Plasma torches are commonly used for cutting, welding and spray bonding of workpieces and are operated by directing a plasma consisting of ionized gas particles toward a workpiece. In the operation of a typical plasma torch, a gas to be ionized is supplied to the front end of the plasma torch and channeled between a pair of electrodes before exiting through an orifice in the torch nozzle. One electrode, which is at a relatively negative potential, is usually referred to as the "cathode" or simply as the "electrode". The torch nozzle, which is adjacent to the end of the "electrode" at the front end of the torch or the workpiece, constitutes the relatively positive potential electrode or "anode".
When a sufficiently high voltage is applied, an arc is caused to jump the gap between the electrode and the torch nozzle, thereby heating gas passing around the electrode and between the electrode and nozzle and causing it to ionize. A high frequency voltage between the electrode and the nozzle starts the plasma arc. The ionized gas flows out of the torch and appears as an arc that extends externally from the outlet in the torch nozzle. This is the pilot arc. When this pilot arc is brought near the workpiece, the arc transfers to the workpiece which then serves as the anode. This operation is initiated by the torch head being moved close to the workpiece so the arc jumps or transfers between the electrode and the workpiece.
During the operation of a conventional plasma torch, the torch becomes very hot, especially near the plasma outlet. Therefore, sufficient cooling of the torch is provided during normal operation to prevent structural elements of the torch, such as the electrode and/or the nozzle, from either melting or deteriorating too rapidly.

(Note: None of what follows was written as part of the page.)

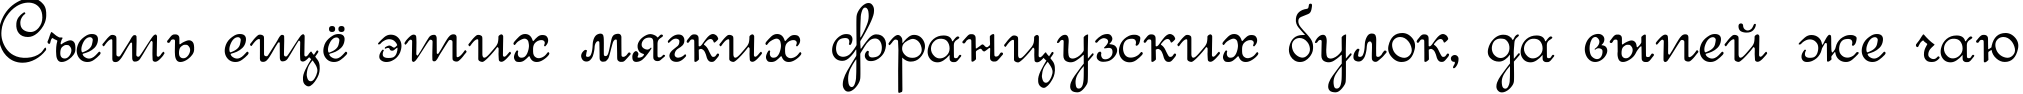 Пример написания шрифтом Round Script Italic текста на русском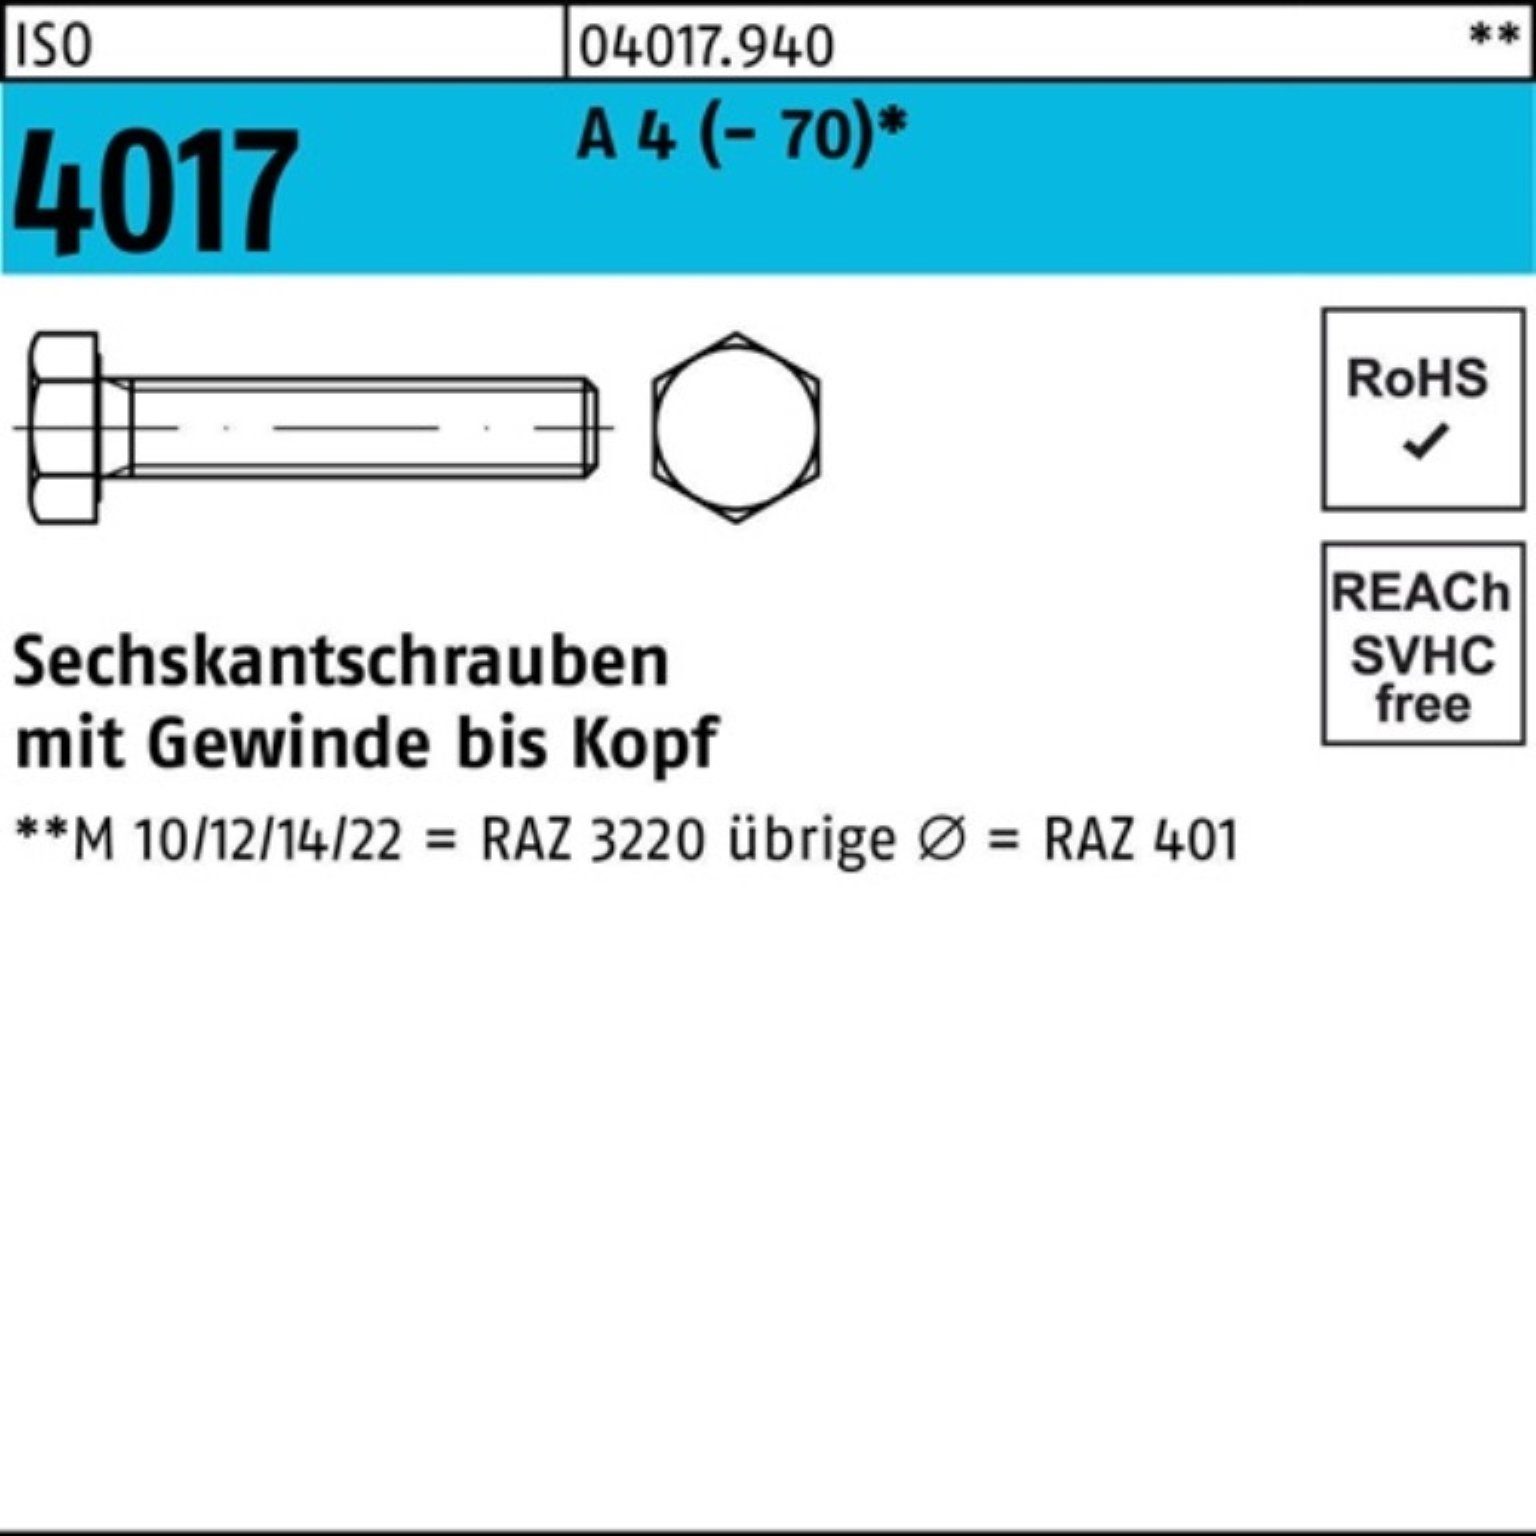 Bufab Sechskantschraube 100er Pack Sechskantschraube ISO 4017 VG M12x 30 A 4 (70) 100 Stück | Schrauben

Examples of cooling plasma arc torches by the use of gas are disclosed in U.S. Pat. Nos. 4,024,373 and 4,558,201. Cooling with gas alone can be adequate to prevent melting or extremely rapid deterioration of the torch structural components. Further, with gas cooling of the torch components, the torch can be portable since it does not require the bulky liquid coolant reservoirs, radiators or heat exchangers and/or complicated piping associated with the use of a recirculating liquid coolant. Still, for safety and economic reasons, improvements in cooling which exceed that provided by gas alone for reducing the speed of deterioration of the torch components and the lowering of the torch operational temperature is always an important factor in plasma arc torch design. Consequently, plasma arc torches have also been cooled with liquid coolants by conventional recirculating systems disclosed in U.S. Pat. Nos. 2,906,857; 3,450,926 and 3,597,649. Cooling with a liquid coolant provides adequate cooling to prevent the torch from overheating and from deteriorating too rapidly. However, water cooling usually requires relatively complicated flush supply and conduit recirculation systems which are more expensive to manufacture than gas cooling systems and often require repair due to the high operating temperatures of the torches and the rough handling during normal usage. Besides the extra expense caused by equipment failure and the resulting down time and lost production costs often associated with water cooled torches, the requirement for a relatively large, bulky coolant supply tank and a relatively fragile heat exchanger prevents torches with this type of cooling from being easily portable.